----- Given data
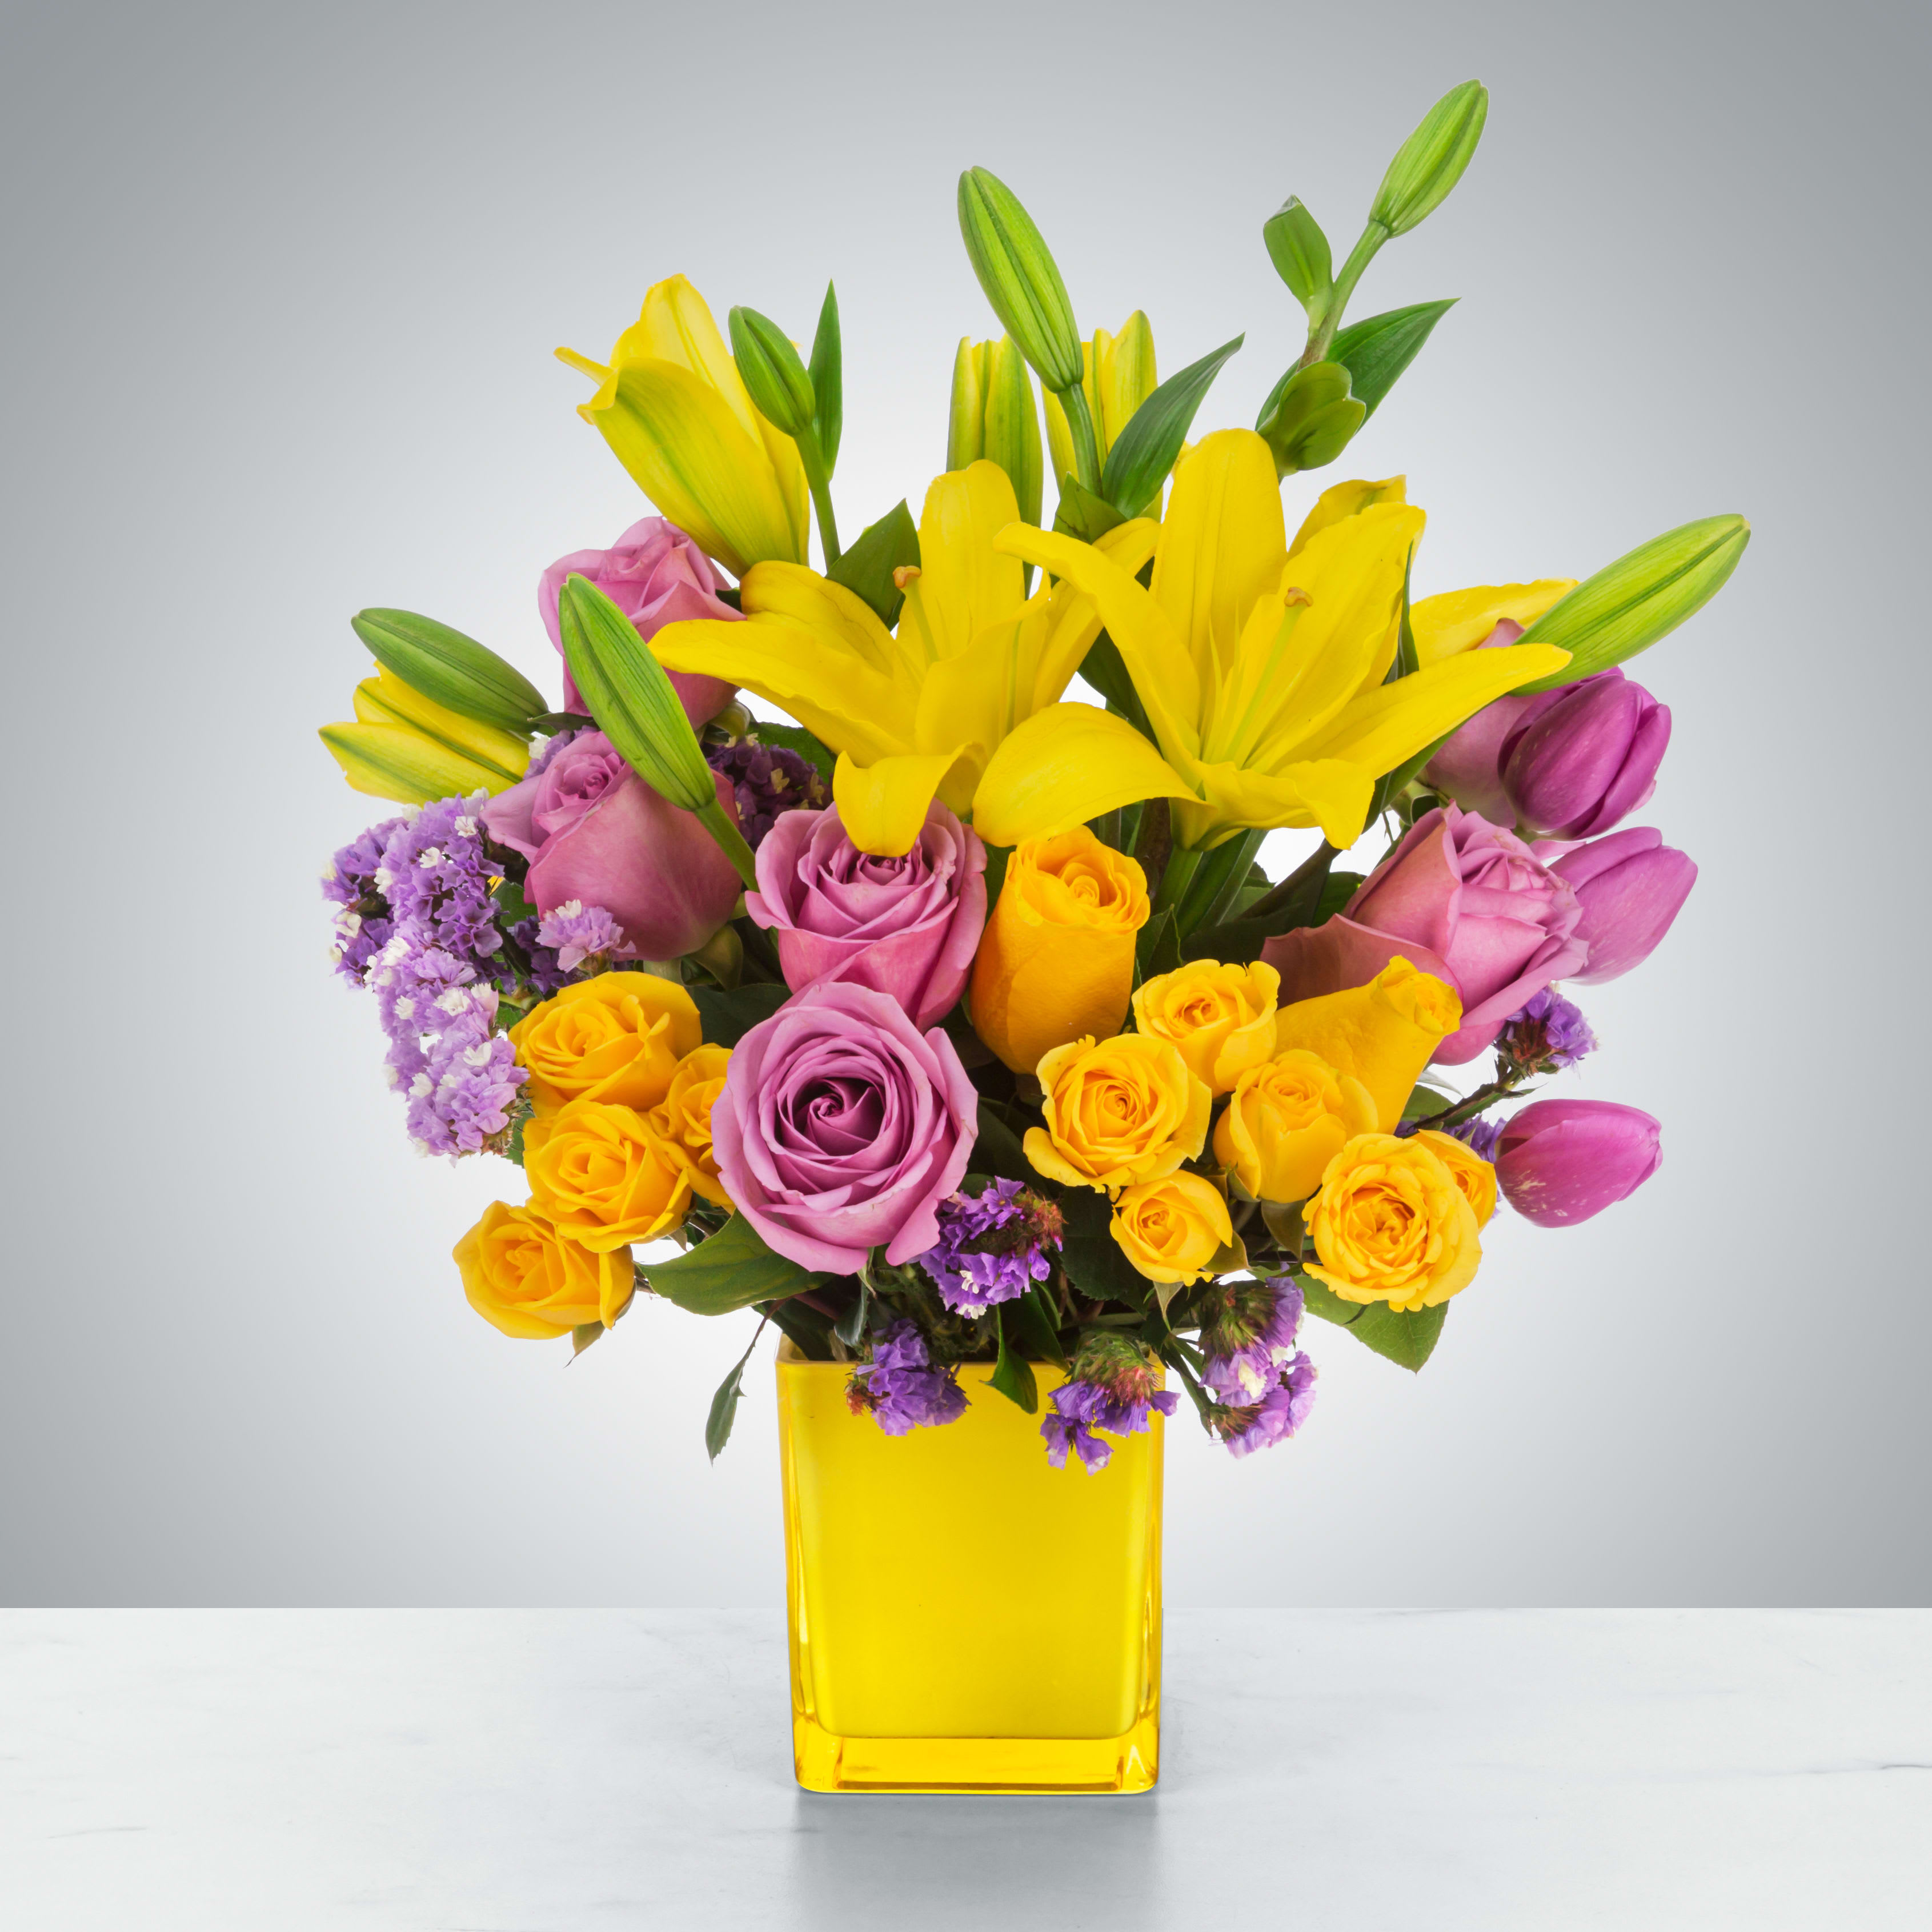 Sunday Afternoon - This arrangement is a sweet surprise for any recipient. Featuring a selection of yellow and purple flowers in a yellow vase, this arrangement is springtime in flower form and a great gift for Easter or Passover.  Approximate Dimensions: 13&quot;D x 16&quot;H
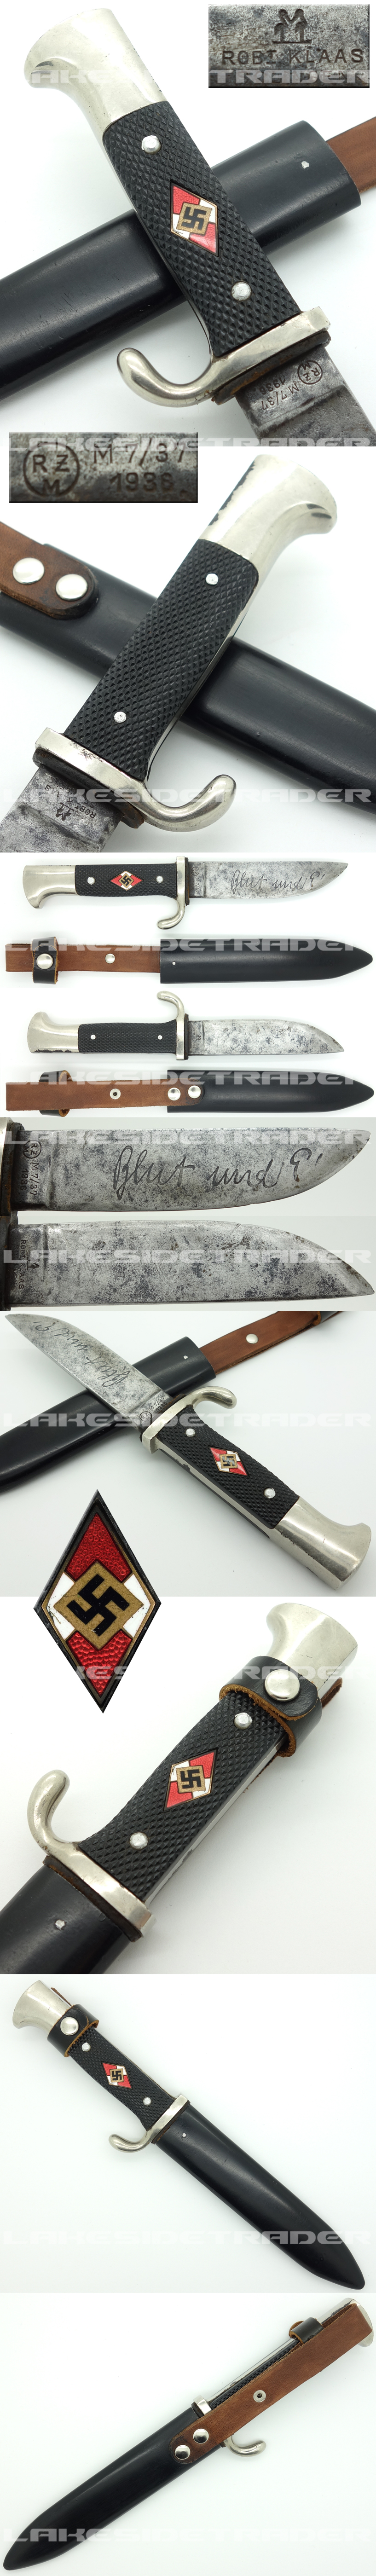 Transitional Hitler Youth Knife by Rbt. Klaas 1936
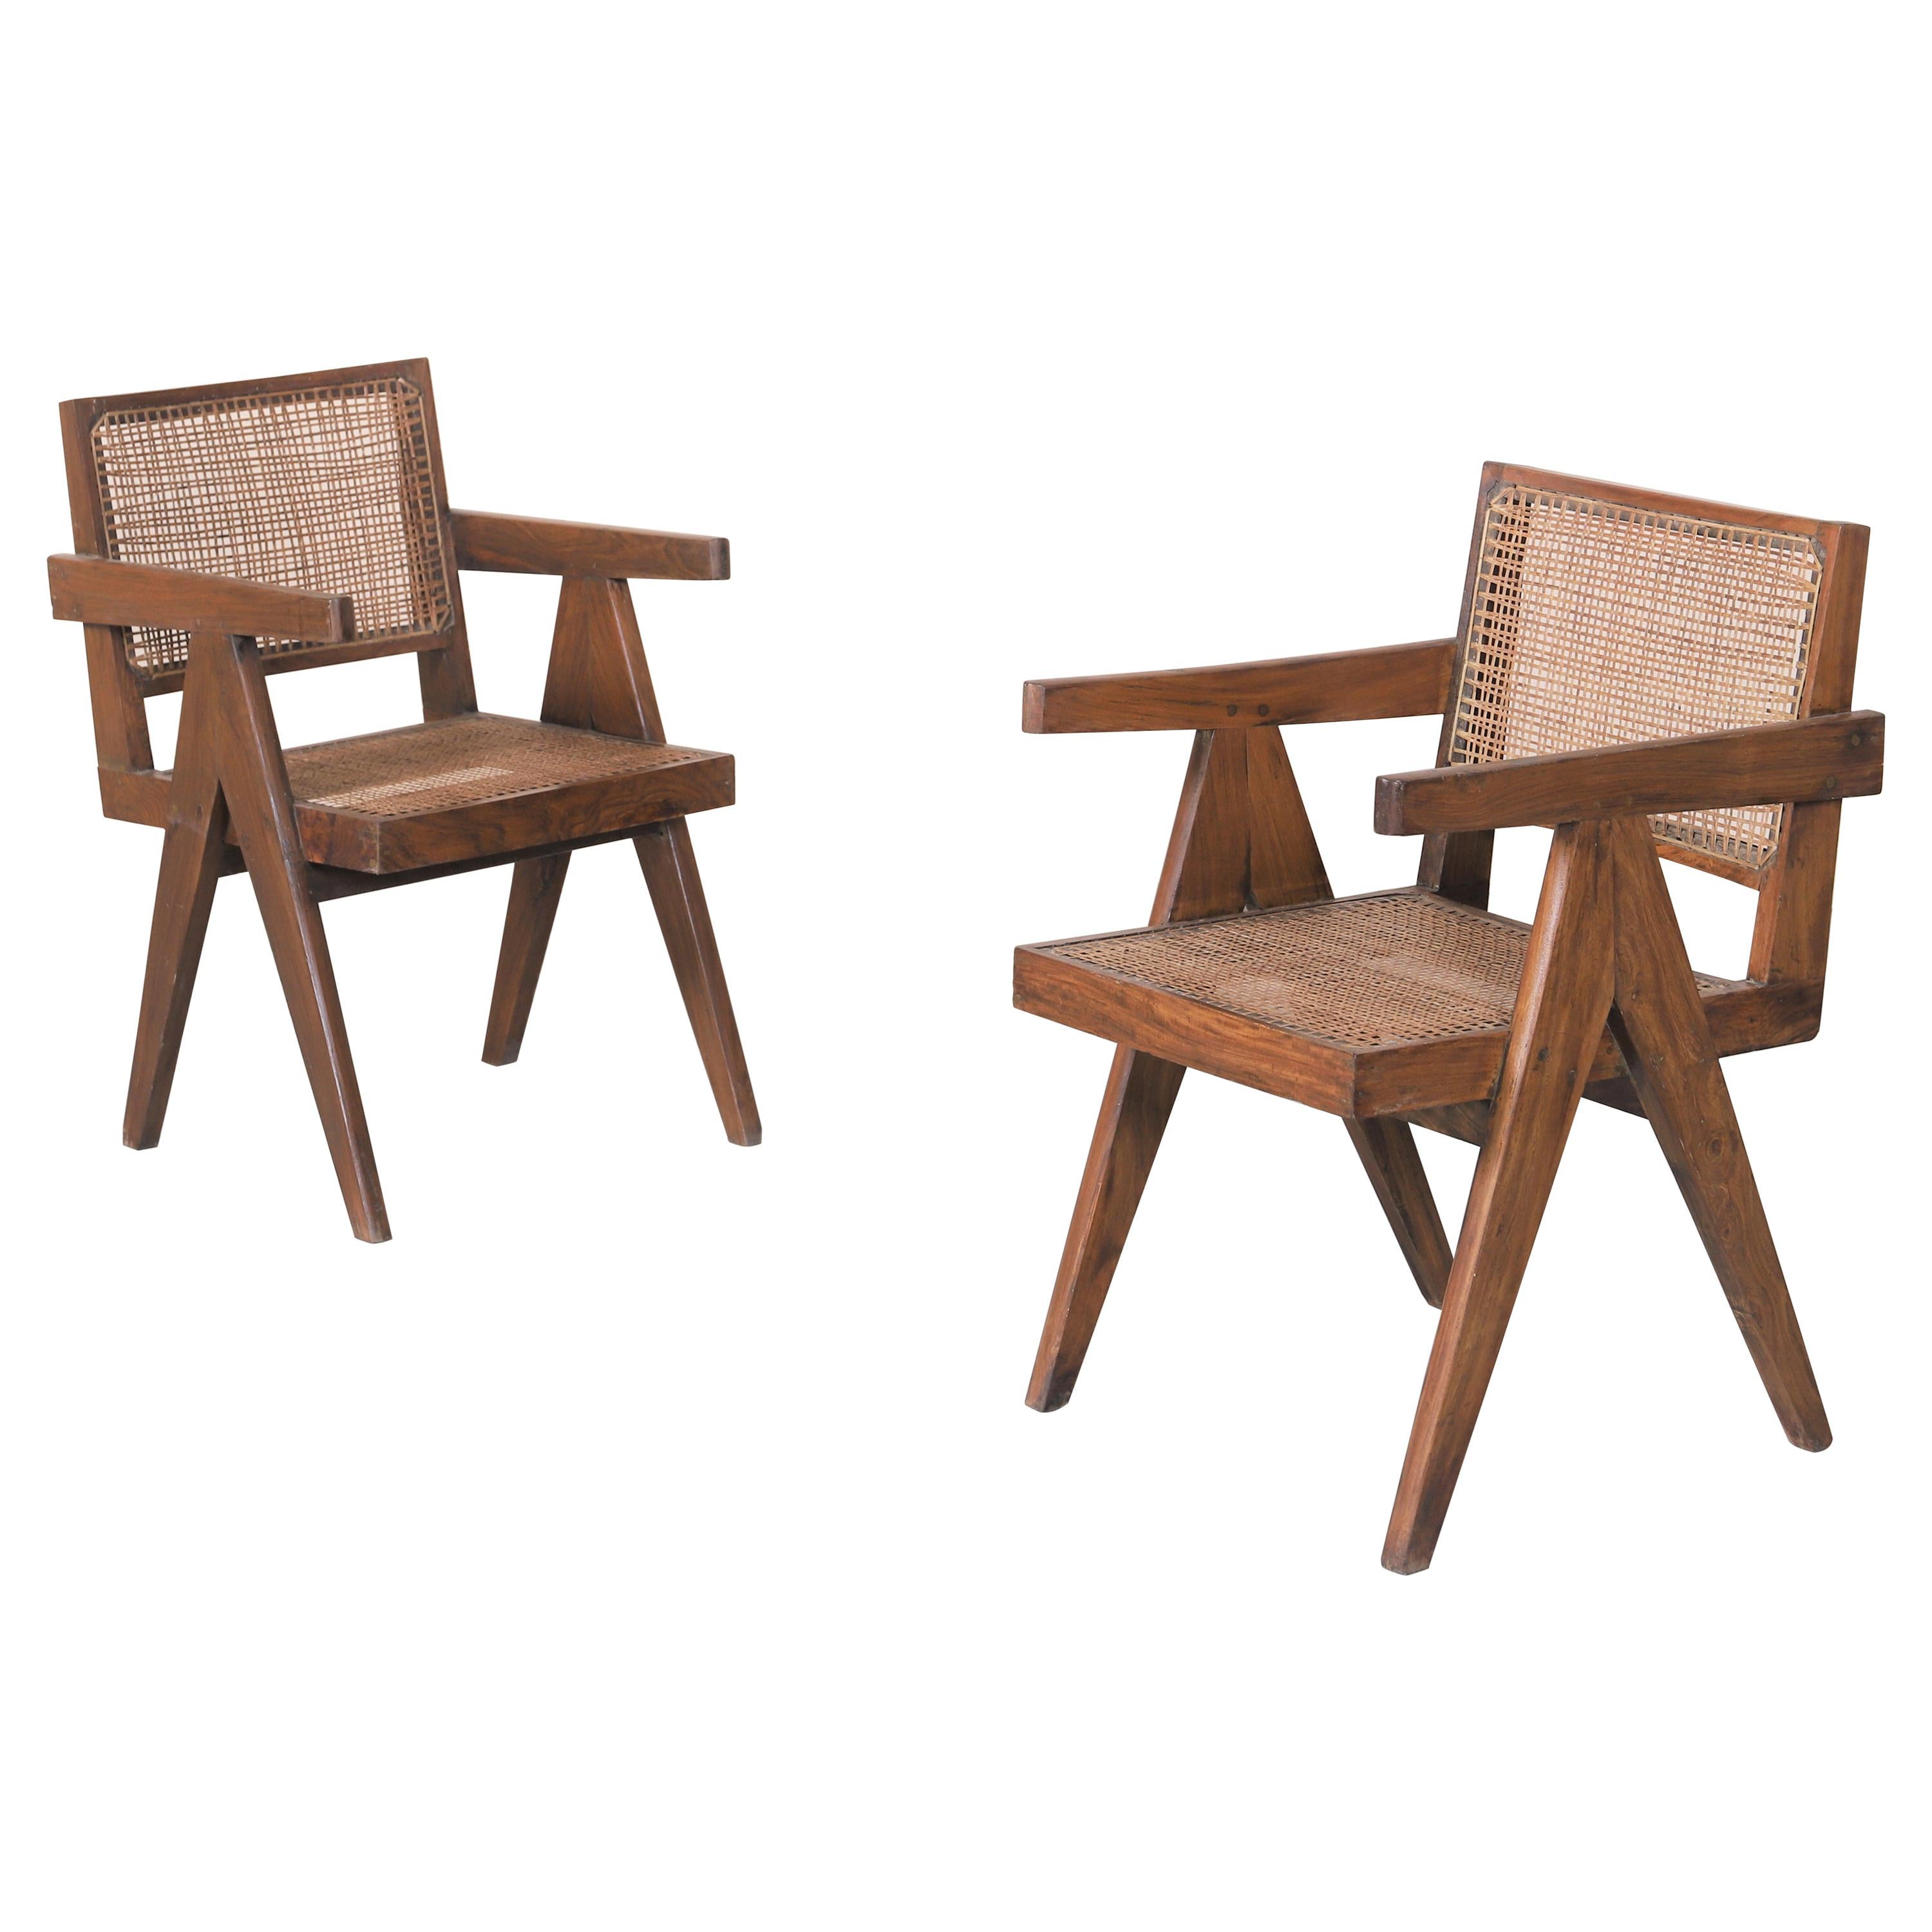 Set of Two "Office Cane Chairs" circa 1955 by Pierre Jeanneret
----------
Goal of the exercise: Drop the images and return the data verbatim.

Solution below:
 Sunday Afternoon - This arrangement is a sweet surprise for any recipient. Featuring a selection of yellow and purple flowers in a yellow vase, this arrangement is springtime in flower form and a great gift for Easter or Passover.  Approximate Dimensions: 13&quot;D x 16&quot;H
 Transitional Hitler Youth Knife by Rbt. Klaas 1936
 Set of Two "Office Cane Chairs" circa 1955 by Pierre Jeanneret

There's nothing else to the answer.